- Exercise instructions -
Identify all lines in the data containing the string "with". Copy them out.

- Supplied data -
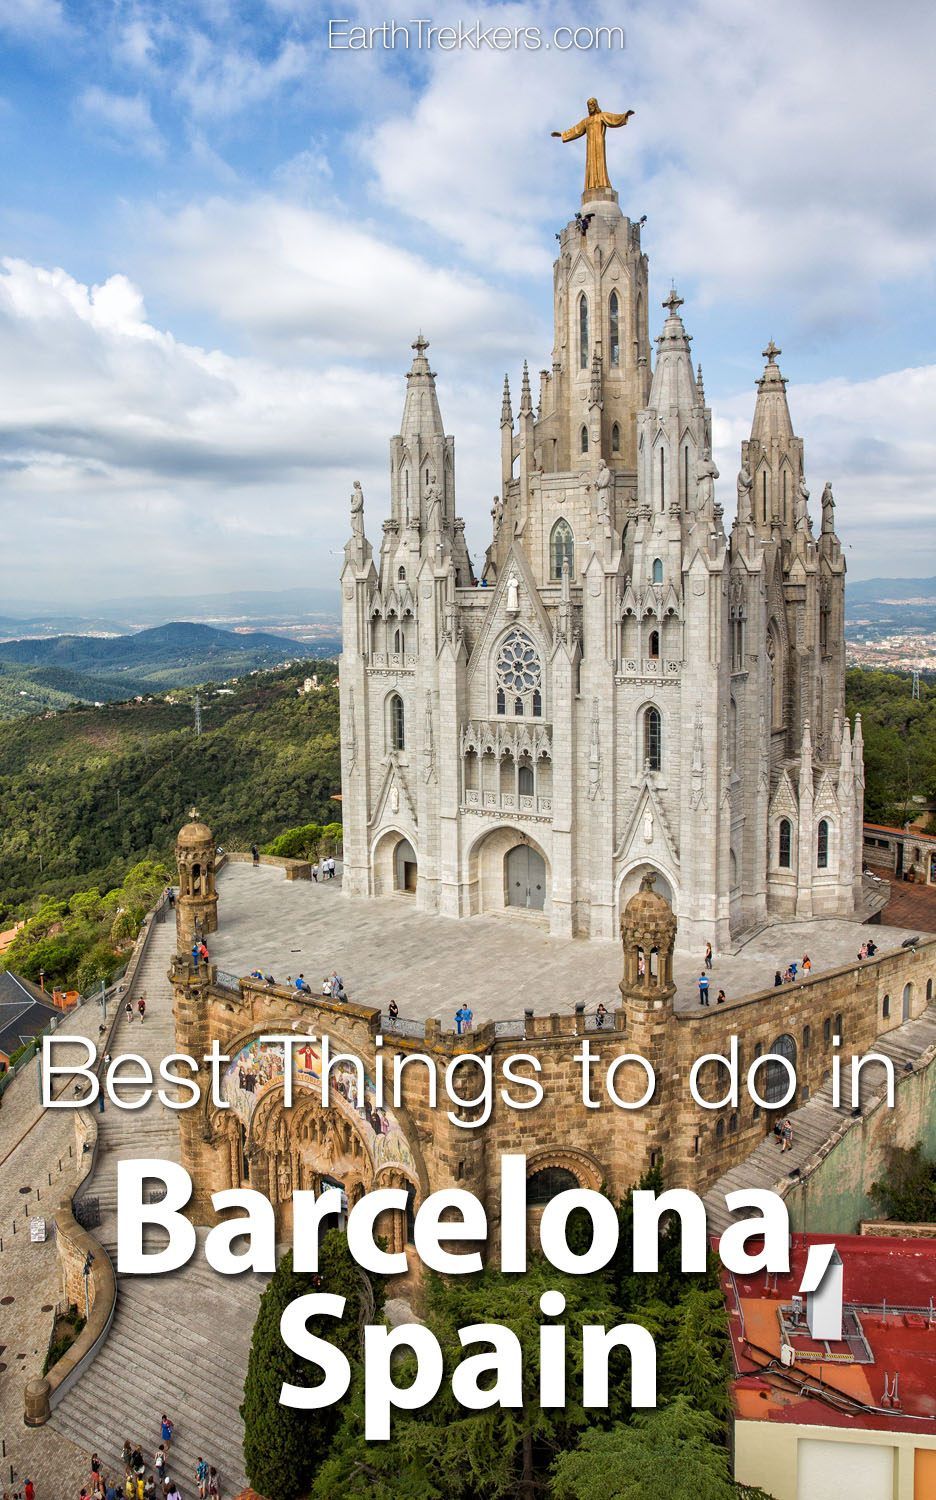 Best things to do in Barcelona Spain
---
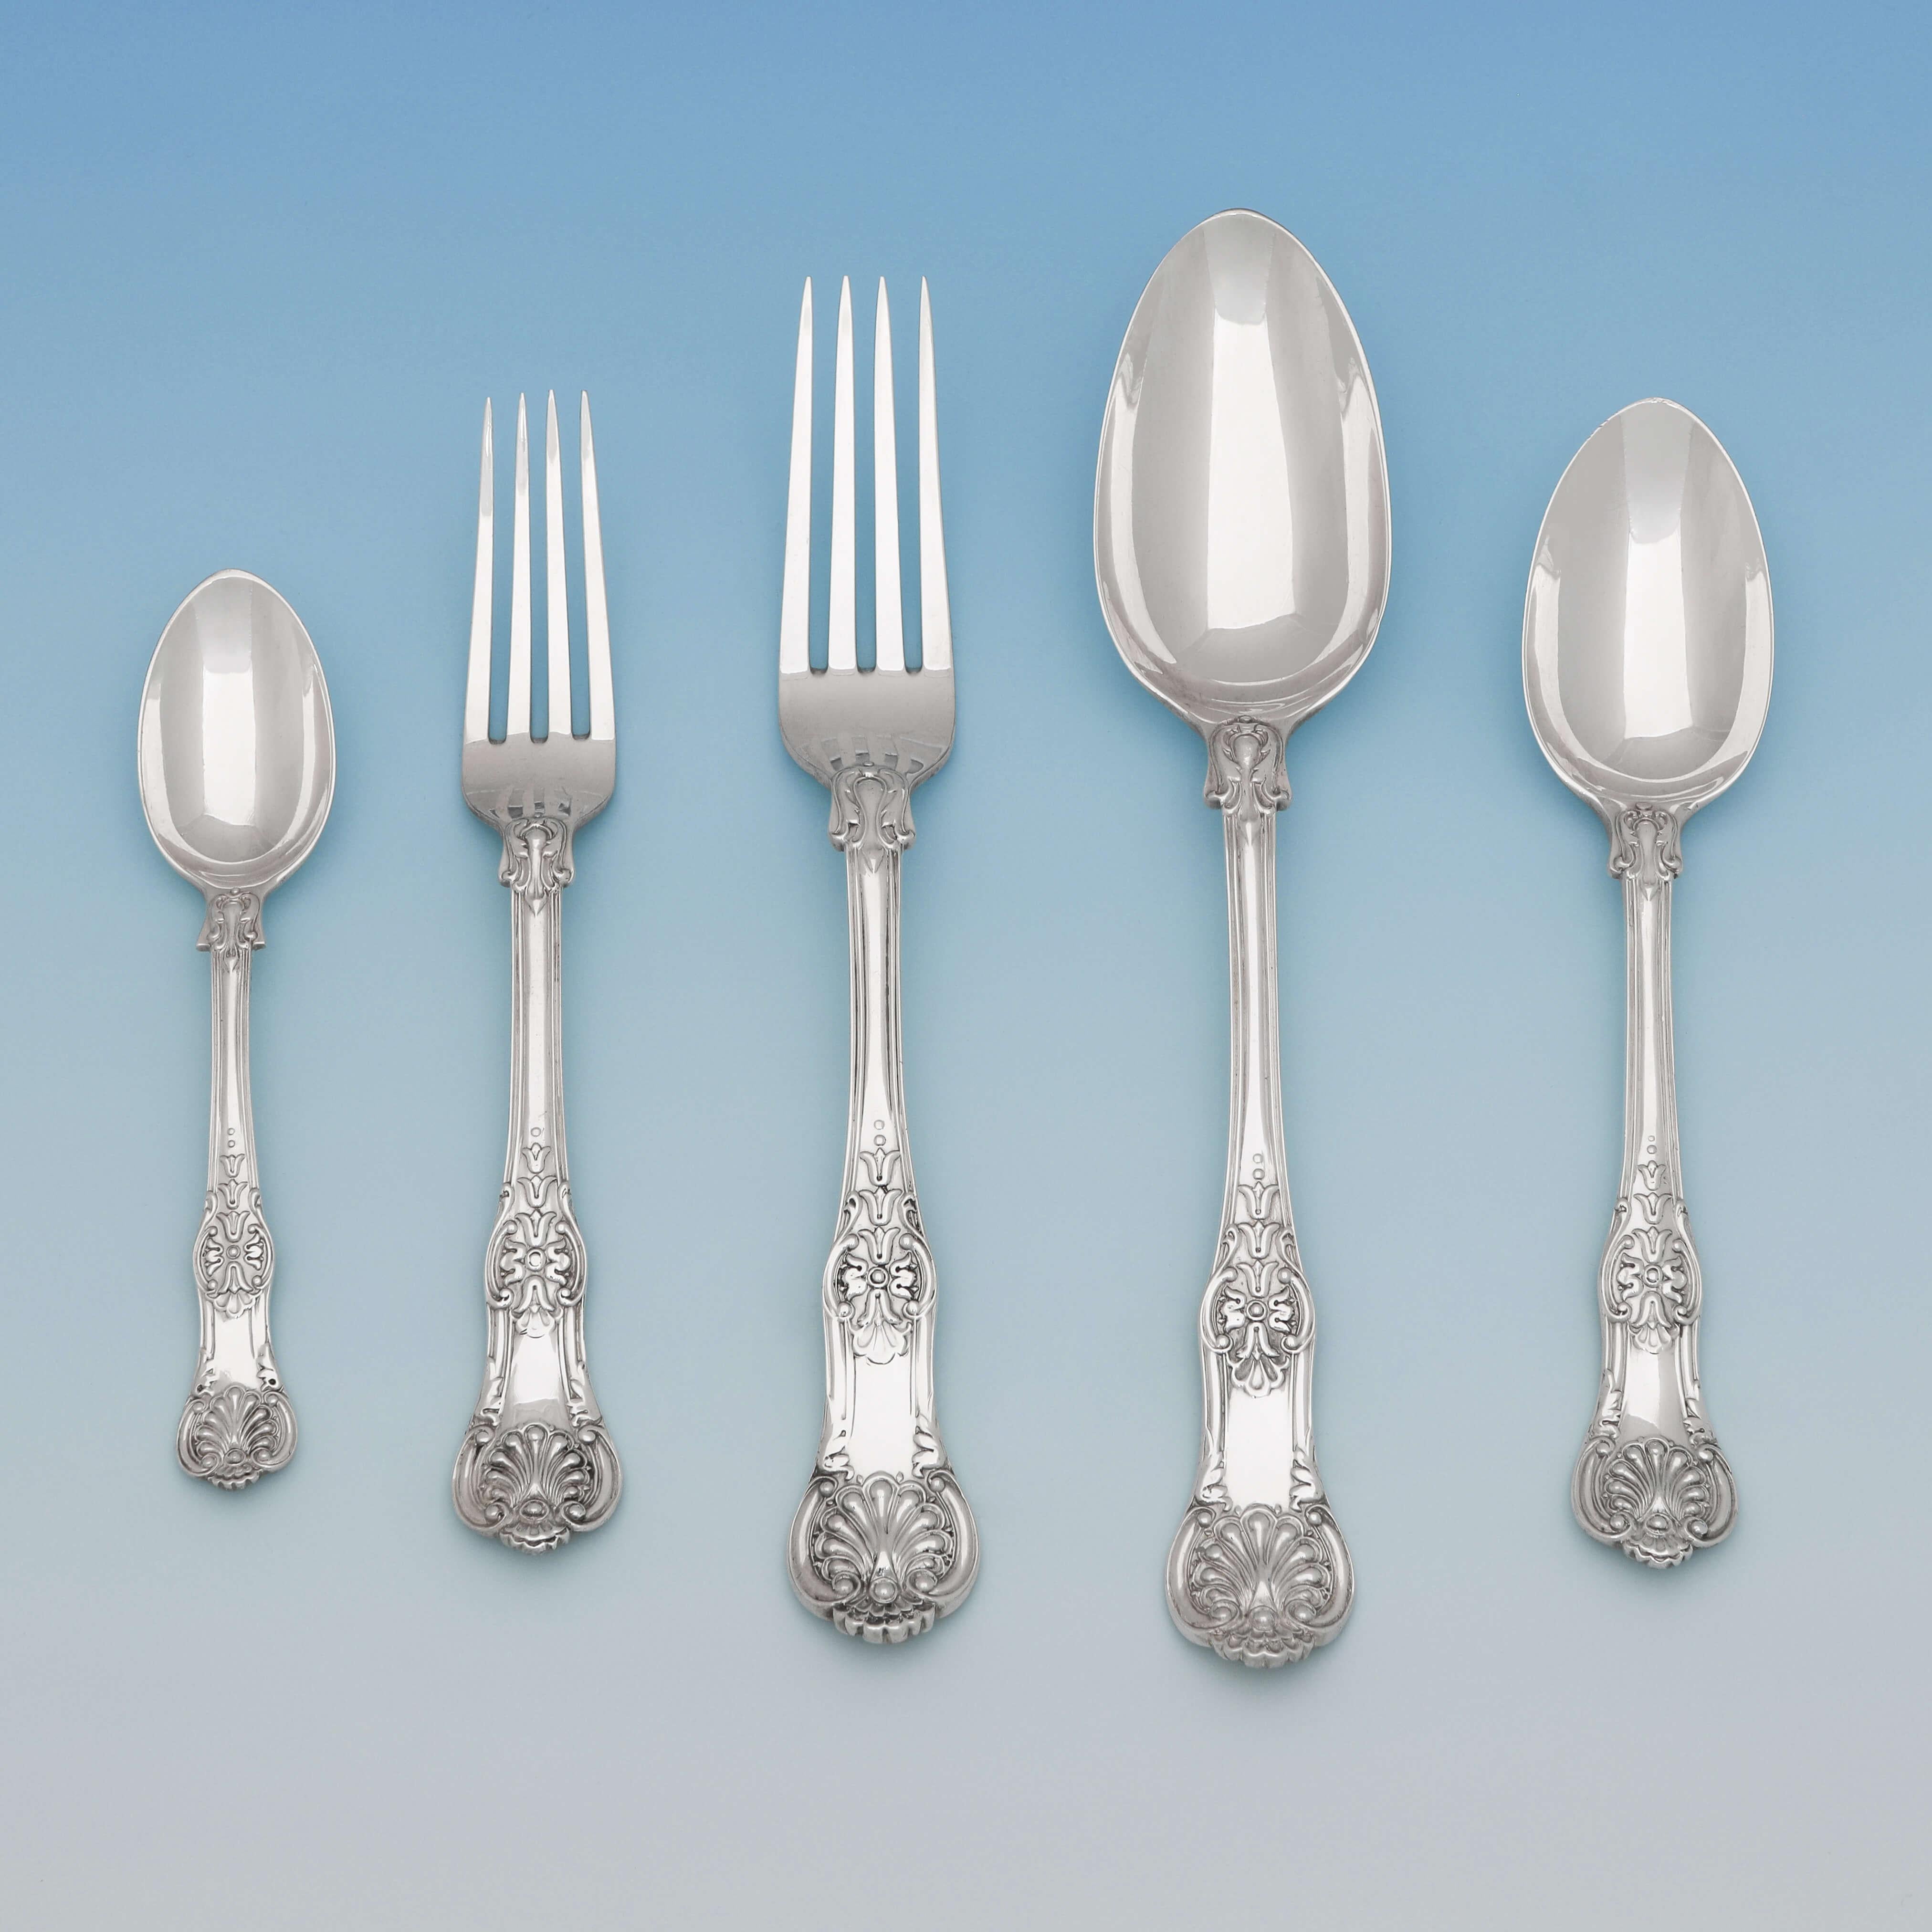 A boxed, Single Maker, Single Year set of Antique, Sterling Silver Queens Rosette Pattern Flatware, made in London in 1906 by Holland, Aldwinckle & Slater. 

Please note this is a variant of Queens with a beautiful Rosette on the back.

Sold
---
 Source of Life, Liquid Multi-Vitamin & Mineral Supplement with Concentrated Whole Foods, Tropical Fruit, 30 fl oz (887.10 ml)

- Exercise output -
Please note this is a variant of Queens with a beautiful Rosette on the back.
 Source of Life, Liquid Multi-Vitamin & Mineral Supplement with Concentrated Whole Foods, Tropical Fruit, 30 fl oz (887.10 ml)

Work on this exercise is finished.